Development of pore network modeling for prediction of two-phase flows in rocks

Abstract

Geological Carbon Storage is one of the promising methods for reducing the atmospheric carbon dioxide concentration, which is injecting the carbon dioxide to subsurface. As the interest on GCS increases, it becomes more important to predict the behavior of injected $CO_2$. This research focused on predicting two-phase flow in pore-scale, when capillary force was dominant. For some limitations in lab-scale experiments, pore network simulation was used extracted by maximal ball algorithm. In this study, the flow simulation system was developed based on Hagen-Poiseuille equation and Young-Laplace equation. Using the developed pore network simulation, primary drainage was simulated. The results of pore network simulation were compared to those of the experiment including oil invasion experiment into the Berea sandstone and $scCO_2$ invasion experiment into the Domengine sandstone. The absolute permeability of the Berea sandstone was used in the determination of throat length coefficient ($\alpha$) and throat length coefficient was determined to 1. The oil invasion simulation results confirm the fact that as the pressure difference increases, residual oil saturation increases. The relative permeability with respect to degree of oil saturation shows similar tendency of general results of Berea sandstone with exception in low oil saturation. The oil relative permeability in low oil saturation was underestimated. In conclusion, the comparison results figure out that flow simulation gives reasonable results except when oil saturation is low. The $scCO_2$ invasion to the brine-saturated Domengine sample was also simulated.

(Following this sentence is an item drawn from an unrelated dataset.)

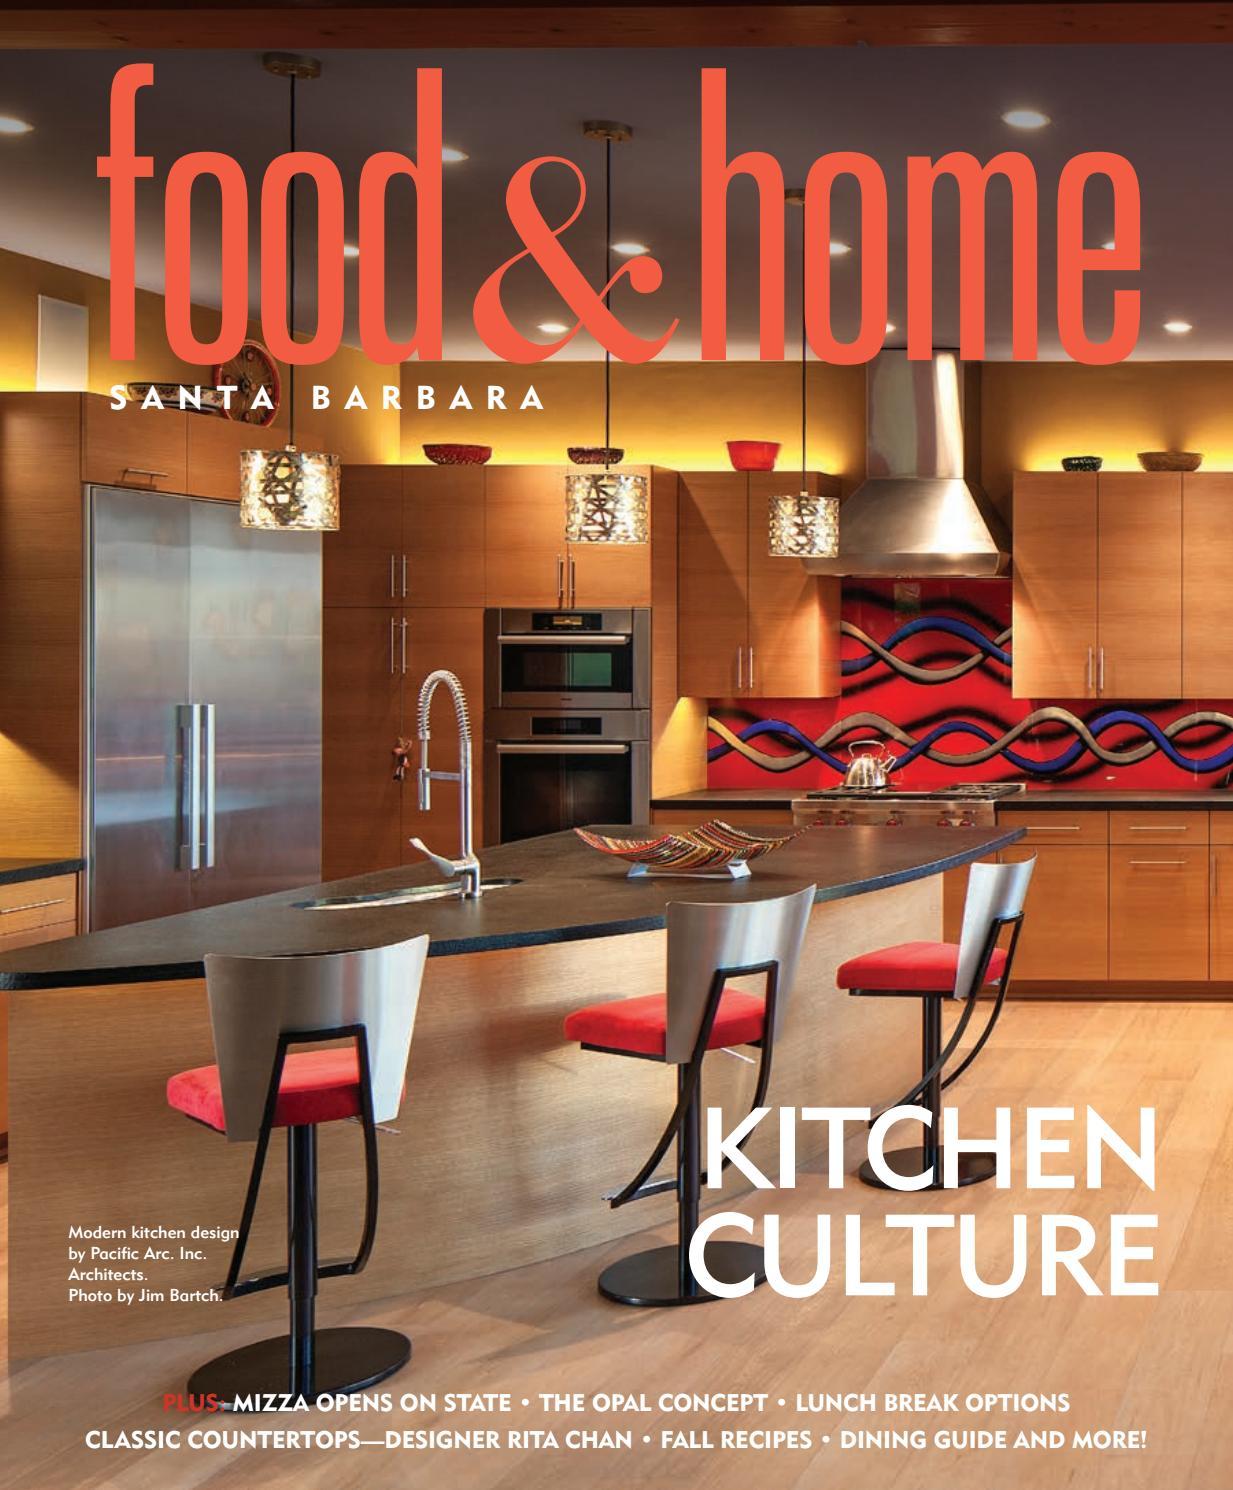 Food & Home - Fall 2018 by City Creative Group - issuu

For the computational convenience, one subvolume of nine subvolumes were selected to flow simulation. Representative elementary volume test was conducted for porosity and absolute permeability to determine if subvolume 3 was sufficient to characterize the whole Domengine sample. Both porosity and absolute permeability converged to 22% and 2000 mD respectively, as elementary volume increased. The distribution of $scCO_2$ from flow simulation was compared to that of X-ray microCT images. As a result, it was confirmed that the developed flow simulation gives the reliable results in hydraulic properties and the pattern of displacement.